I think I digressed. Ok, let's try again. Moon is about Sam Bell, played by Sam Rockwell, and he is on the Moon as part of a three-year stint overseeing a Helium-3 mining expedition. Solo work. Deep solitary, if you will, complicated by a break in the com-sat making it deeper. You have three movies heavily influencing this plot, and it shows, with a fair amount of the special effects appearing to either reference, or replicate, scenes from them: Dark Star, 2001, and Silent Running. If you liked those three movies, or, say, any two of them, and if you like Sam Rockwell, you will like this movie. If either of those things are not true, you may not like this movie. If neither or those things are true, you will not like this movie.

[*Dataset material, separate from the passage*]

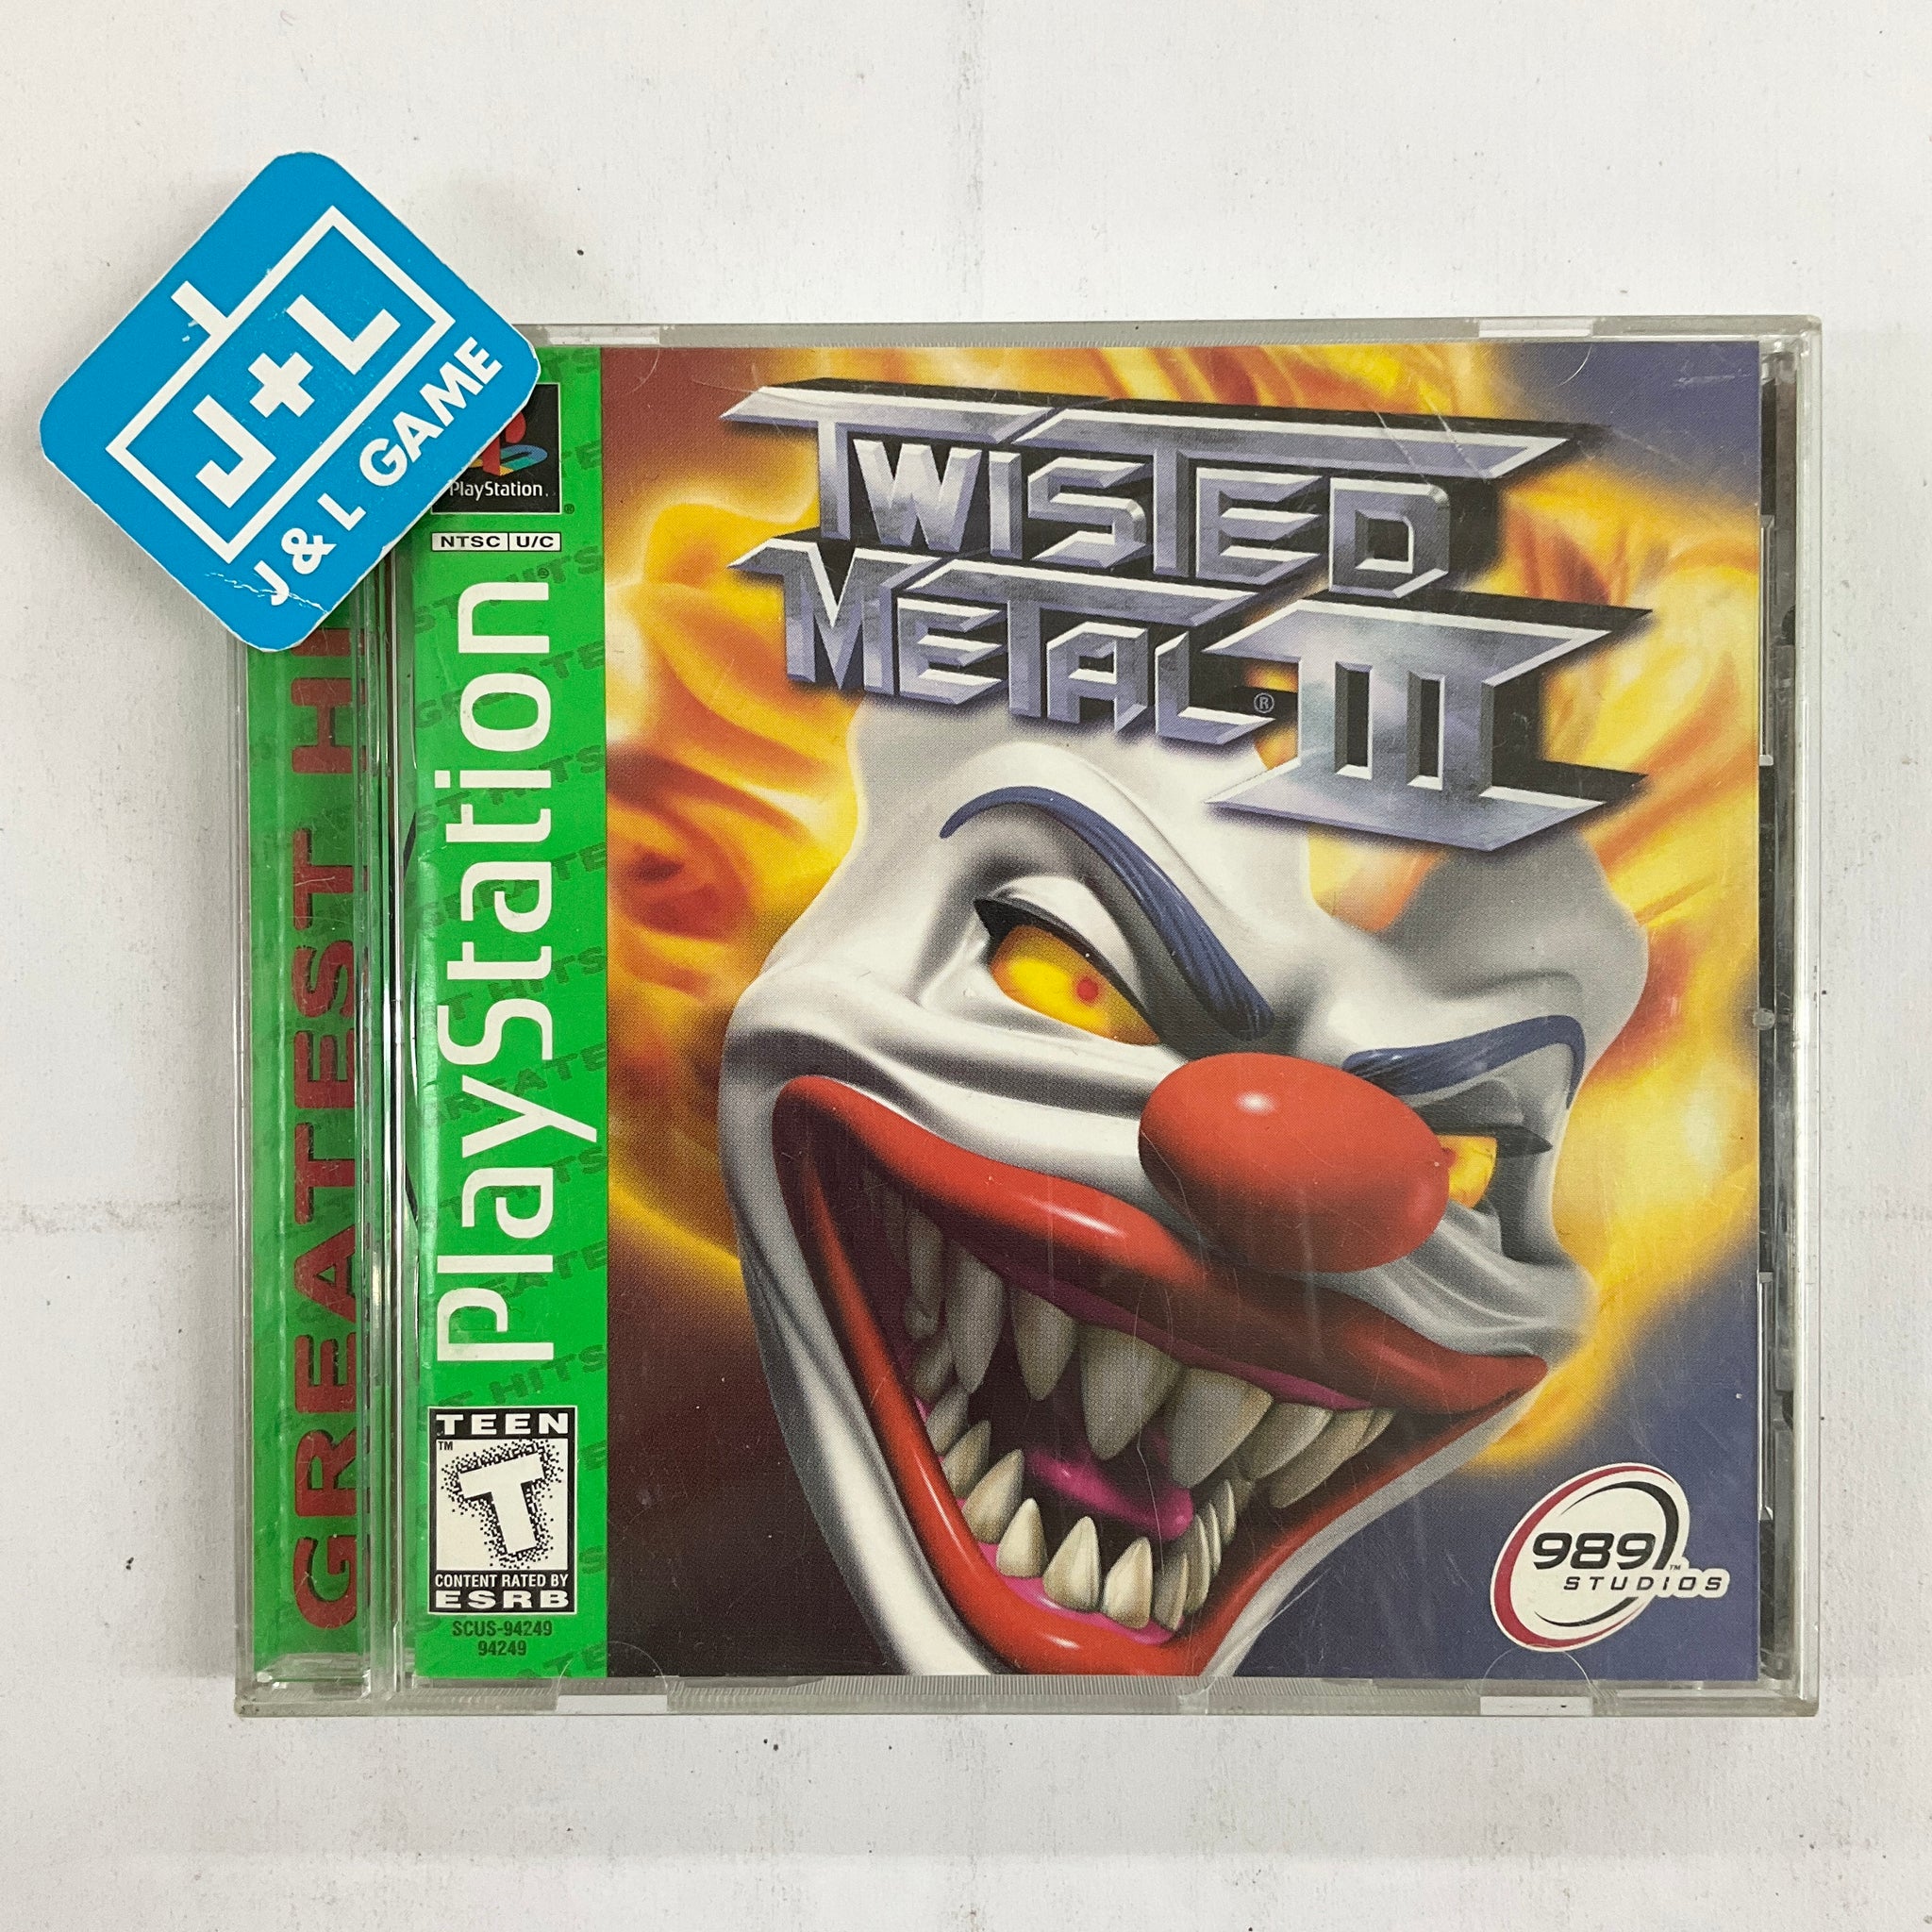 Twisted Metal III Games

Sam starts having a few hallucinations, one of which causes him to crash into the back of a harvester. Sam wakes up on a table and starts going through the motions of recovery, but is stuck inside of the base and cannot go out to fix the stalled harvester. He finally finds a way to get out so that he can get the harvester unstalled, and finds the crashed rover with him still inside. I cannot really go any deeper into the plot without doing damage to your expectations, but I will say that the weird psychological "what's going on?!" is played out well and even better than expected. The nature of identity, reality, perception, and causality are classic fodder for SF stories, and this one uses them, and our expectations of them. There is a long and varied history, and it can go any which way. Sit back and enjoy the ride to find out which.

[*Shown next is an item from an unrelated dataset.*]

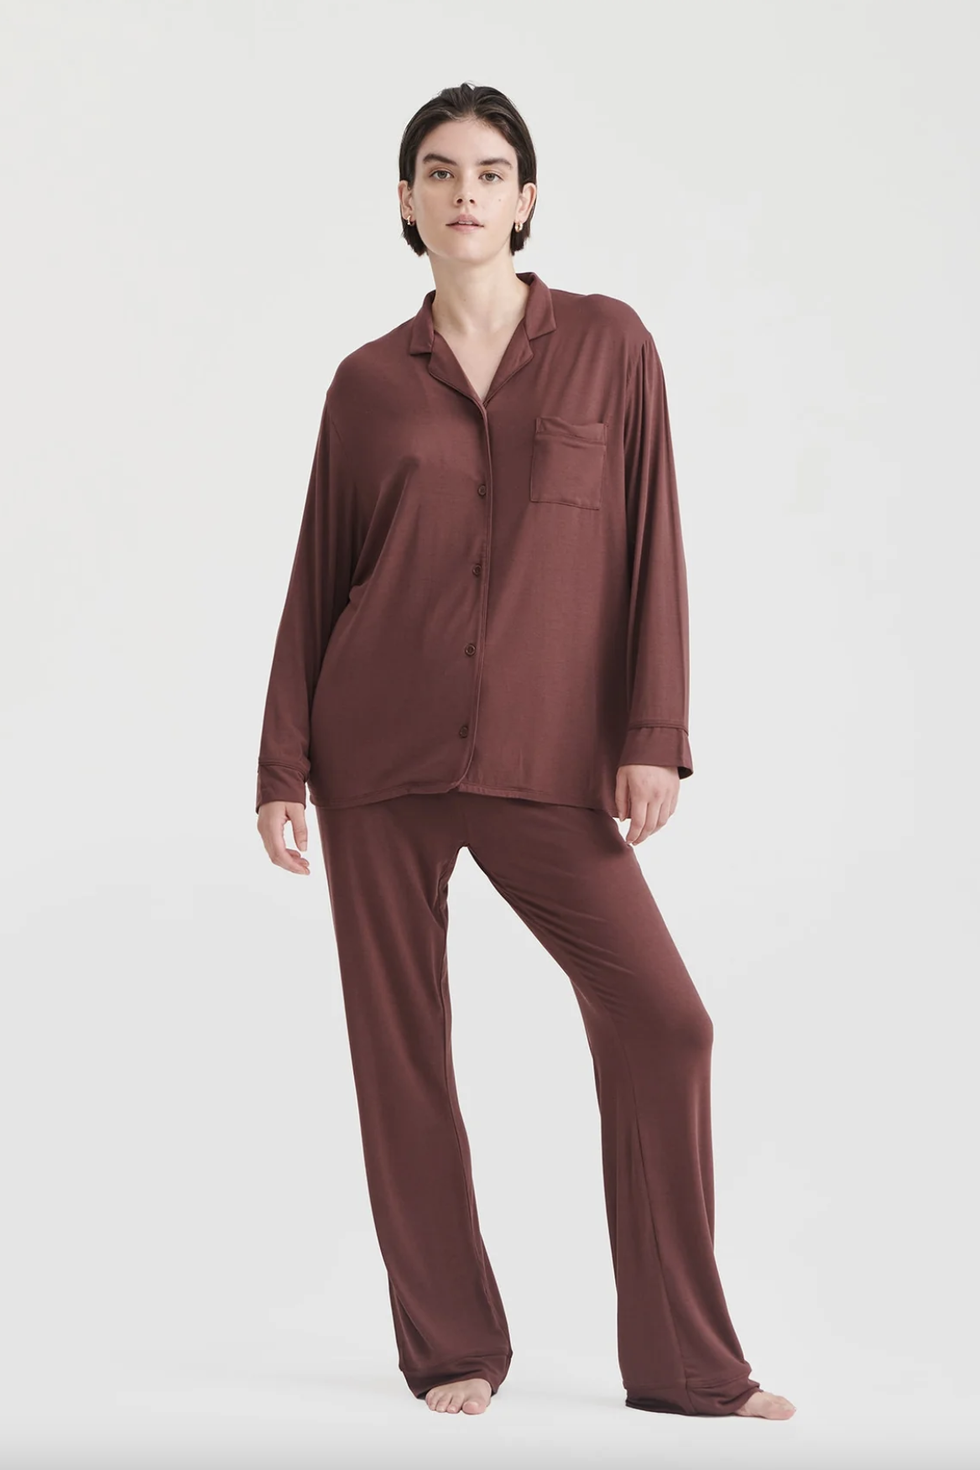 Matilda Black Plus Pajama shirt and pant set, XL-3X

I will say that in something of a change of pace, this movie actually has answers in the end. I just realized how rare that is for psychological/weird SF to do this. It can detract, sometimes, when a movie answers itself, but I think the bringing it all to light was a good choice for this film. It helped to make it feel like a testimony to the spirit of humanity, not the breakdown of humanity.

With that being said, you have two actors, a set designer, a director, and a soundtrack. The first actor is Sam Rockwell. He plays a man named Sam Bell who just happens to act like Sam Rockwell. Thumbs up on nailing that role. The other is Kevin Spacey, who does the voice of the base's robot. His voice is dead-panned and somewhat modulated, so it's not so much Kevin Spacey as something like Kevin Spacey if he was used as the prototype for voice software, but there you go. His part, GERTY-3000, is enhanced by a series of smiley faces that appear on the computer's screen. It's both creepy and endearing at the same time. You also have a wife and a daughter and some people in communication from base and such, but you see these folks for maybe three or four total minutes for the wife and maybe two or three minutes for every one else combined. You only see/hear GERTY for half or less of the film, and most of that is in conversation with Rockwell's Sam Bell. You end up with half of the movie being Bell interacting with, well, Sam Bell, and Rockwell makes that work.

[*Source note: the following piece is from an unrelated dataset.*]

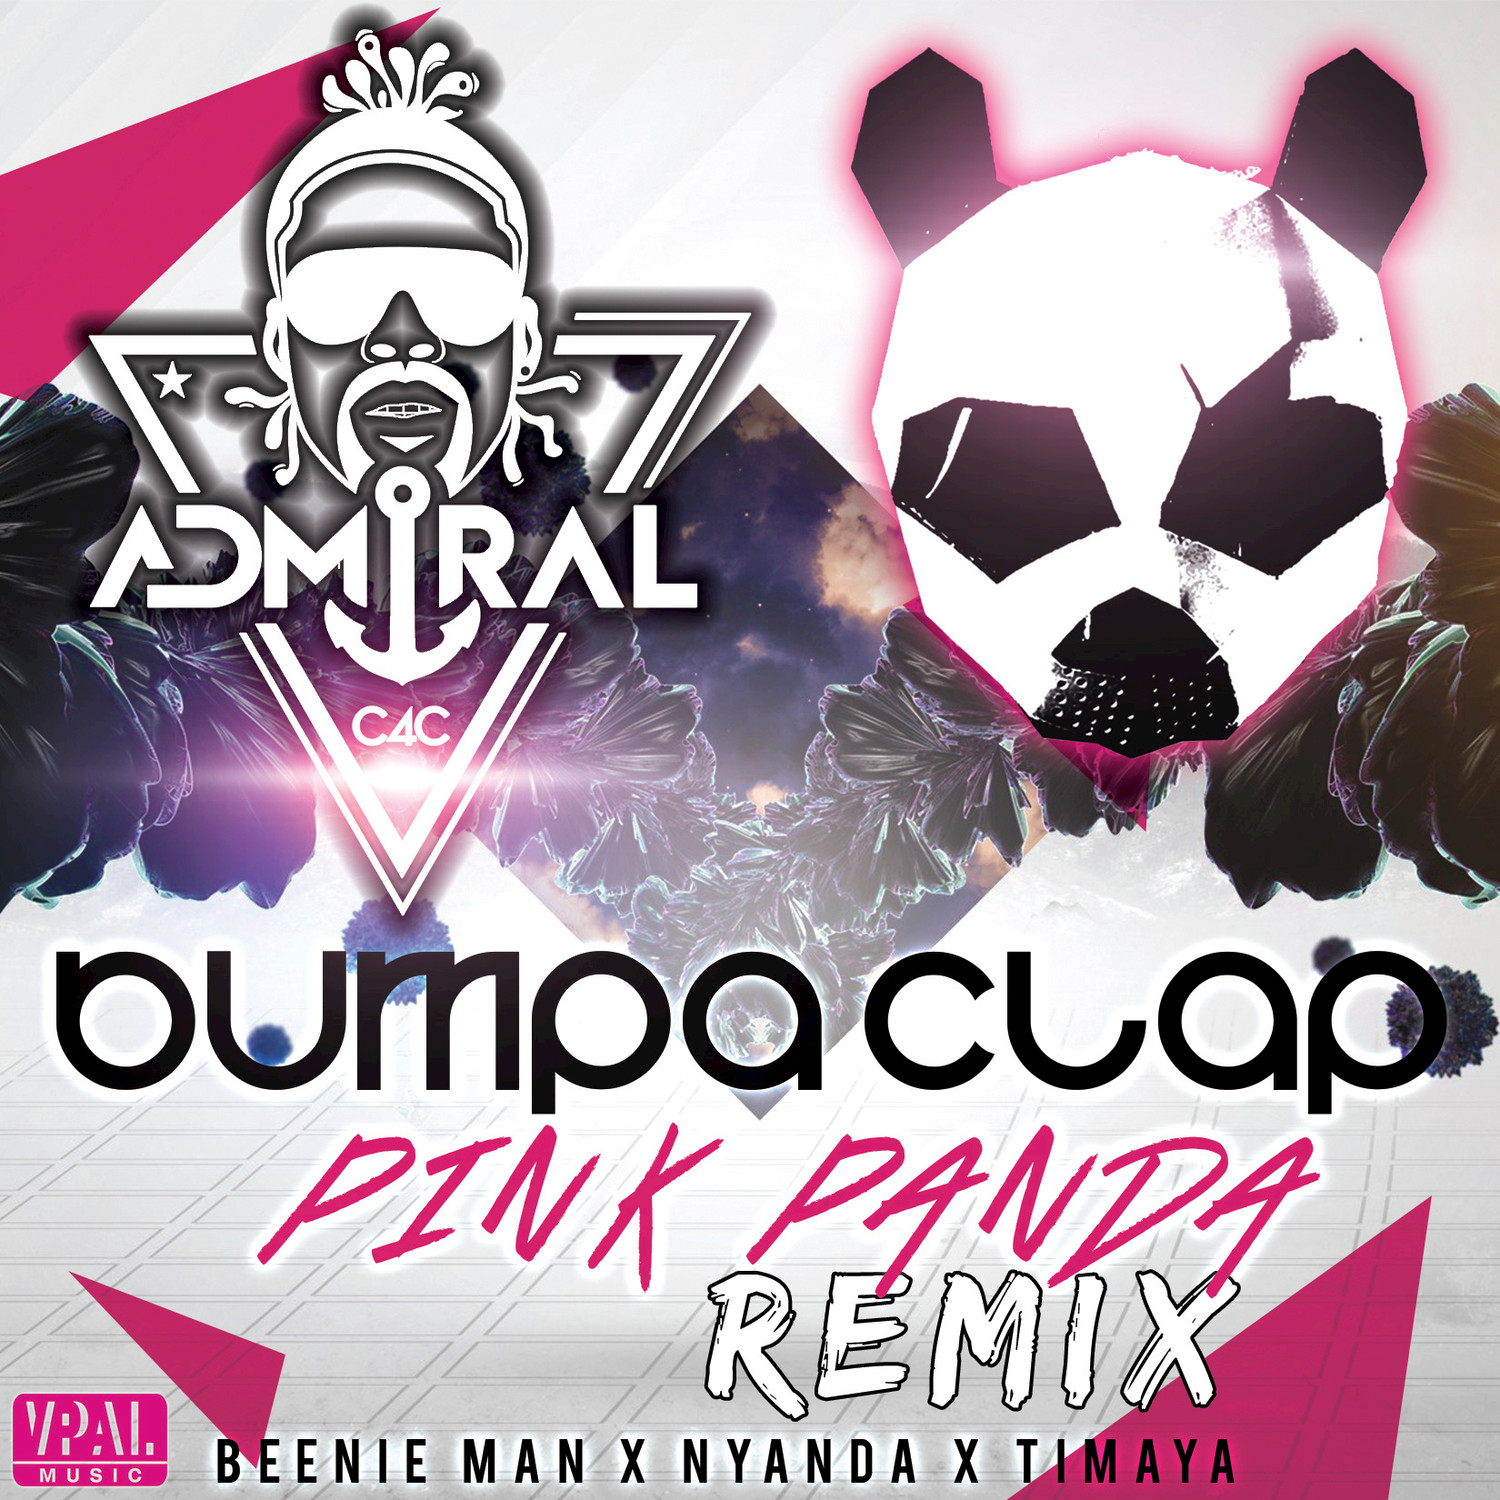 Bumpa Clap (Pink Panda Remix)

The music is good, and really helps out the mood. By which I mean this is not a score that just serves up barely adequate notes but a score that works for and with the plot of the movie. The direction is good. Only in one or two scenes did the timing feel off. There has been some whining about the old school sets, looking retro in both the style and technique, but I really dug it. This is a movie reminding us that SF used to be about more than some new Arnold clone wisecracking and fighting. Besides, any movie that limits CG is awesome in my book. Much can be done without it, it's a shame how many movies rush to overuse it.

All said and done, I have no idea how long that movie was. Two hours? One hour and forty-five minutes? I never felt, outside of a righteous need to release some Cherry Coke back into the wild, like filler was being put in or that things were being stretched just because the director and writer could. I felt like the movie was just the right length to tell what it needed to tell. It does not fly by. It is a slow paced movie, part thriller and part thinker, but it is full of things and sparse of things in proper amounts.

If it makes it back for another week, I am likely to see it again. Will definitely pre-order the DVD.

I am going to award it a Great, worth my time and money.